Командир четвертой сотни подъесаул Полковников. Действующая армия. 18 сентября 1914 г.»
 
   После получения известия о смерти Григория Пантелей Прокофьевич опустился как-то сразу. Он старел день ото дня на глазах у близких.
   Тяжелая развязка настигала его неотвратимо; слабела память, и мутился рассудок. Он ходил по куреню сутулый, чугунно-почерневший; горячечный масленый блеск глаз выдавал его душевную сумятицу.
   Письмо от командира сотни сам он положил под божницу и несколько раз за день выходил в сенцы, манил Дуняшку пальцем.
   – Выдь-ка ко мне.
   Та выходила.
   – Принеси письмо об Григорию. Читай! – приказывал он, опасливо поглядывая на дверь горницы, за которой томилась в неумолчной тоске Ильинична. – Ты потише читай, вроде как про себя, – он хитро подмигивал, весь корежась, указывая глазами на дверь, – потише читай, а то мать… беда.
   Дуняшка, глотая слезы, прочитывала первую фразу, и Пантелей Прокофьевич, обычно сидевший на корточках, поднимал торчмя широкую, что лошадиное копыто, черную ладонь.
   – Стой!

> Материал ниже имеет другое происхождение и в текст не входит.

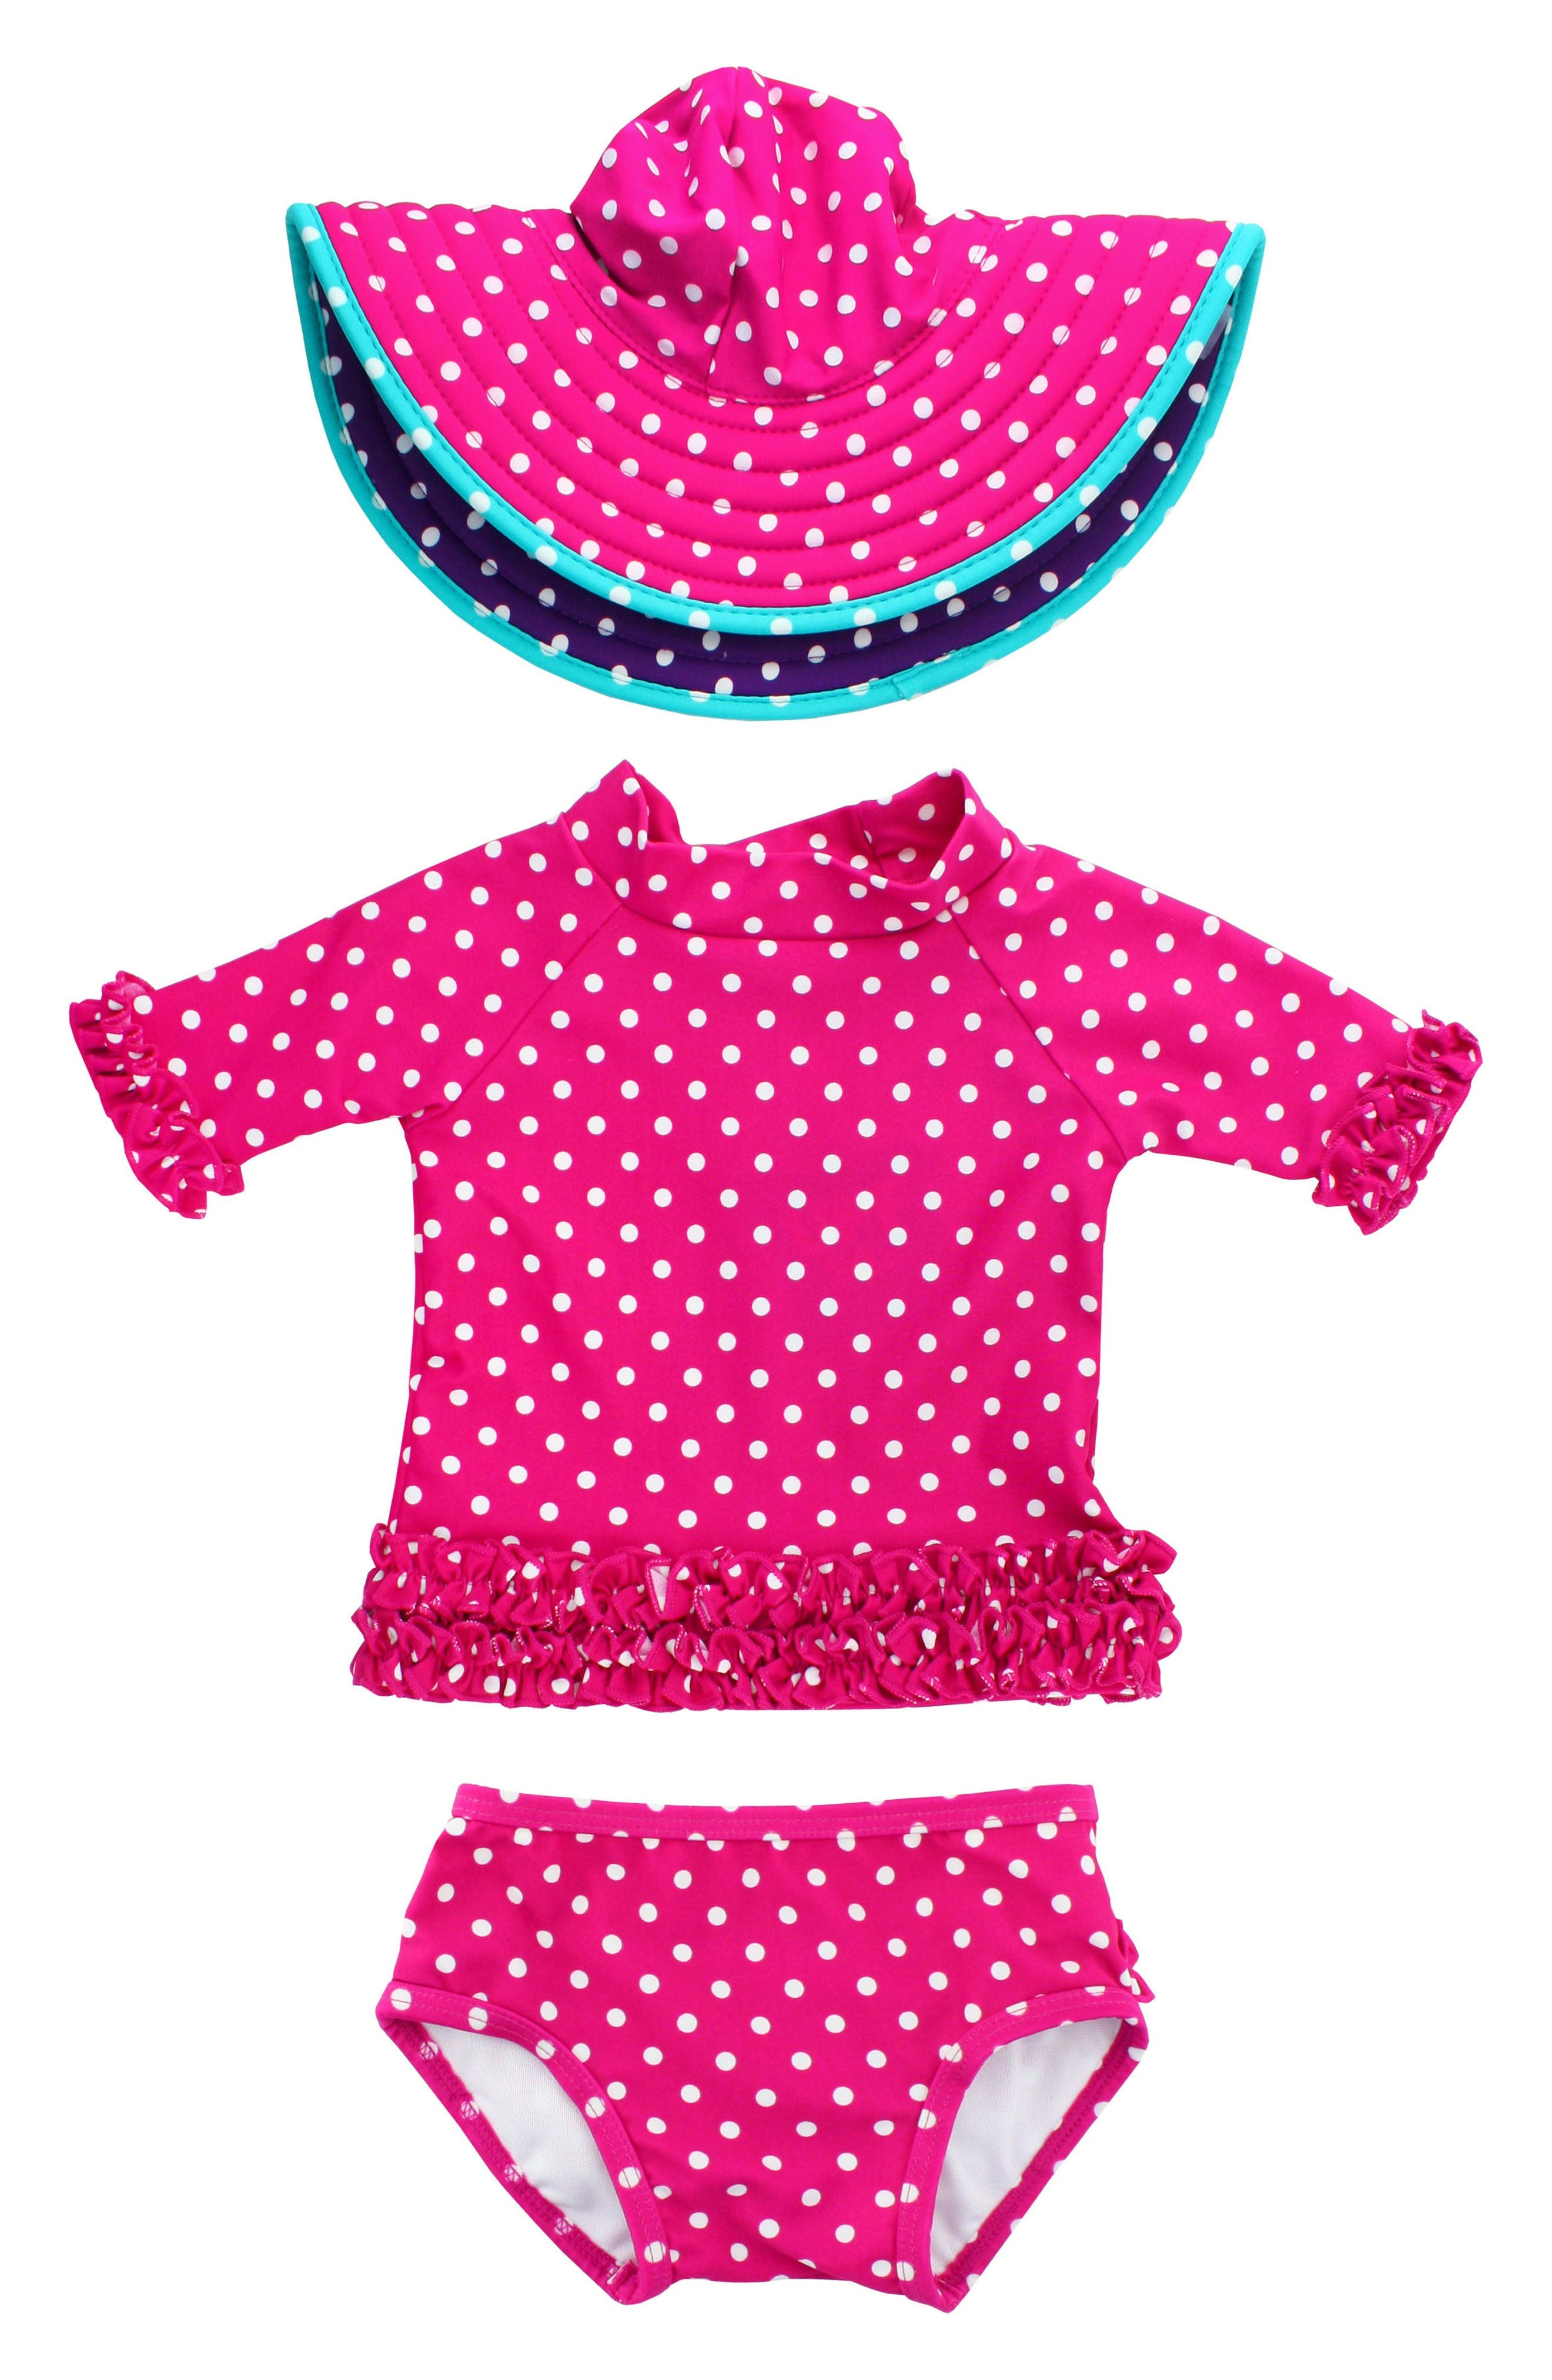 Main Image - RuffleButts Two-Piece Rashguard Swimsuit & Hat Set (Baby Girls)

Дальше знаю… Отнеси, положь под божничку… Ты потише, а то мать наша… – Опять он отвратительно подмигивал и весь кривился, как древесная кора, сжираемая огнем.

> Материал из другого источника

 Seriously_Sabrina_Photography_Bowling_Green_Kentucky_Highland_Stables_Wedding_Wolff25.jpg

   Седел он круговинами, ослепительно белая седина быстро испятнала голову, нитями разметалась в бороде. Он стал прожорлив, ел много и неряшливо.
   На девятый день после панихиды пригласили попа Виссариона и родных на поминки по убиенном воине Григории.

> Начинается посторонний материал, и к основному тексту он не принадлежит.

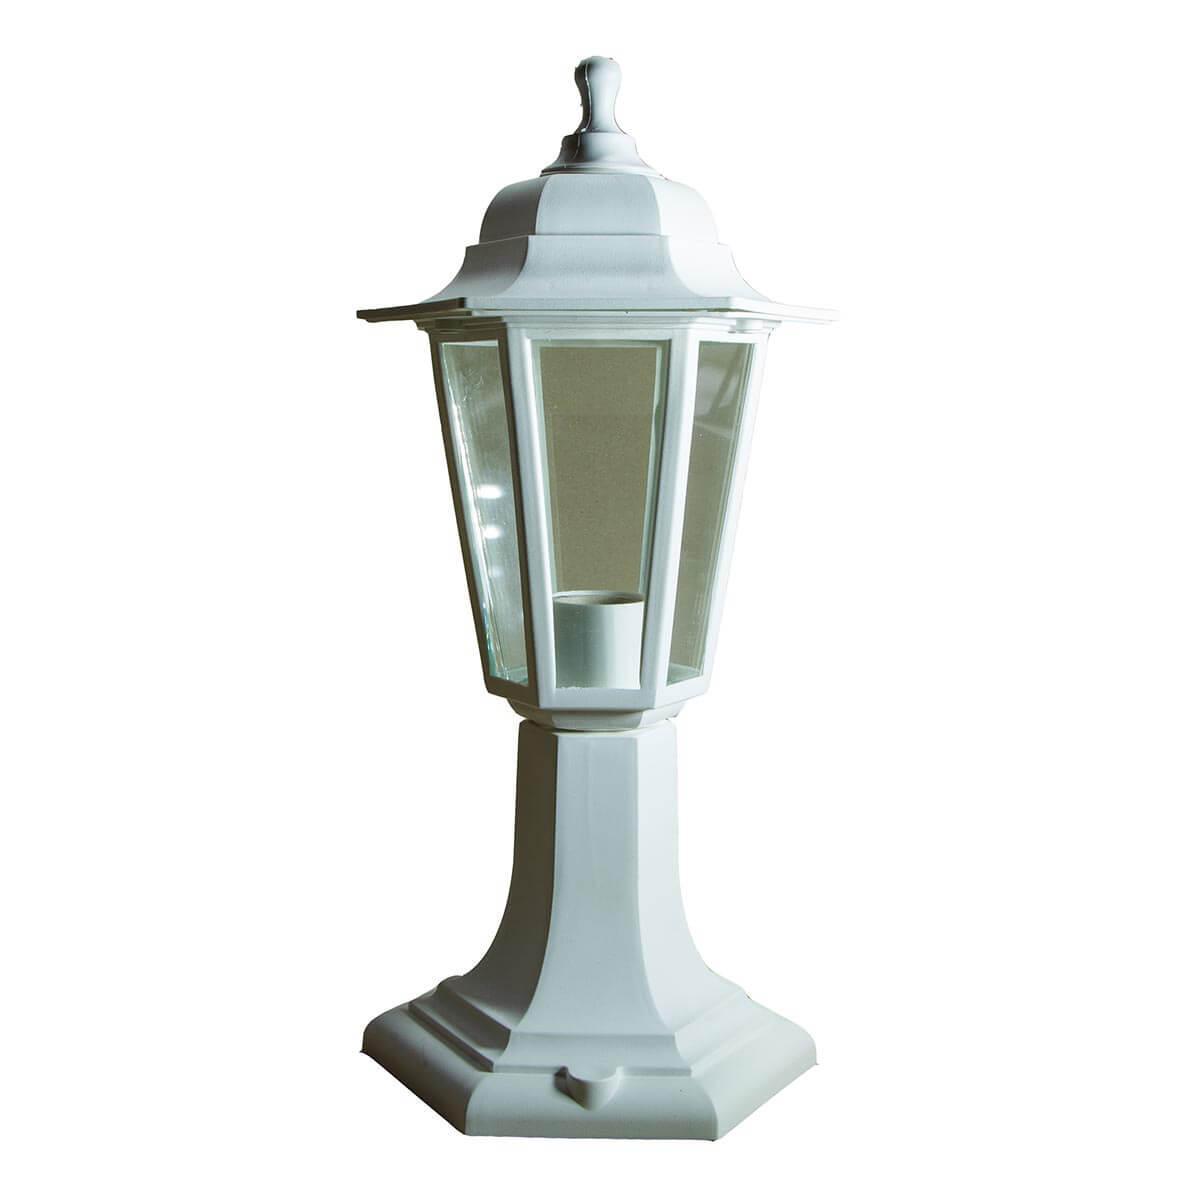 Уличный светильник ЭРА Оскар белый НТУ 06-60-001 Б0048104

   Пантелей Прокофьевич ел быстро и жадно, на бороде его звеньями лежала лапша. Ильинична, со страхом приглядывавшаяся к нему в эти последние дни, заплакала.
   – Отец! Чтой-то ты?..
   – А чего? – засуетился старик, поднимая от обливной чашки мутные глаза.
   Ильинична махнула рукой и отвернулась, комкая у глаз расшитый утиральник.
   – Едите вы, батенька, будто три дня не емши! – со злобой сказала Дарья и блеснула глазами.
   – Ем? А ну, так… так… так… я не буду, – смутился Пантелей Прокофьевич. Он растерянно оглядел сидевших за столом и, пожевав губами, замолк, на вопросы не отвечал, хмурился.
   – Мужайся, Прокофьевич. Чтой-то ты так уж отчаялся? – после поминок бодрил его поп Виссарион. – Смерть его святая, не гневи бога, старик. Сын за царя и отечество терновый венец принял, а ты… Грех, Пантелей Прокофьевич, грех тебе… Бог не простит!
   – Я и то, батюшка… я и то мужаюсь. «Смертью храбрых убитый», – командир-то пишет.
   Поцеловав руку священника, старик припал к дверному косяку и в первый раз за все время после известия о смерти сына заплакал, бурно содрогаясь.
   С этого дня переломил себя и духовно оправился.
   Каждый по-своему зализывал рану.
   Наталья, услышав от Дуняшки о смерти Григория, выбежала на баз. «Руки наложу! Все теперь мне! Скорей!» – гнала ее, огнем хлестала мысль. Наталья билась в руках у Дарьи и с радостным облегчением принимала беспамятство, лишь бы отдалить тот момент, когда вернется сознание и властно напомнит о случившемся. Неделю провела в дурном забытьи и вернулась в мир реального иная, притихшая, изглоданная черной немочью… Незримый покойник ютился в мелеховском курене, и живые пили его васильковый трупный запах.

XVII

   Мелеховы на двенадцатый день после известия о смерти Григория получили от Петра два письма сразу. Дуняшка еще на почте прочитала их и – то неслась к дому, как былка, захваченная вихрем, то, качаясь, прислонялась к плетням. Немало переполоху наделала она по хутору и неописуемое волнение внесла в дом.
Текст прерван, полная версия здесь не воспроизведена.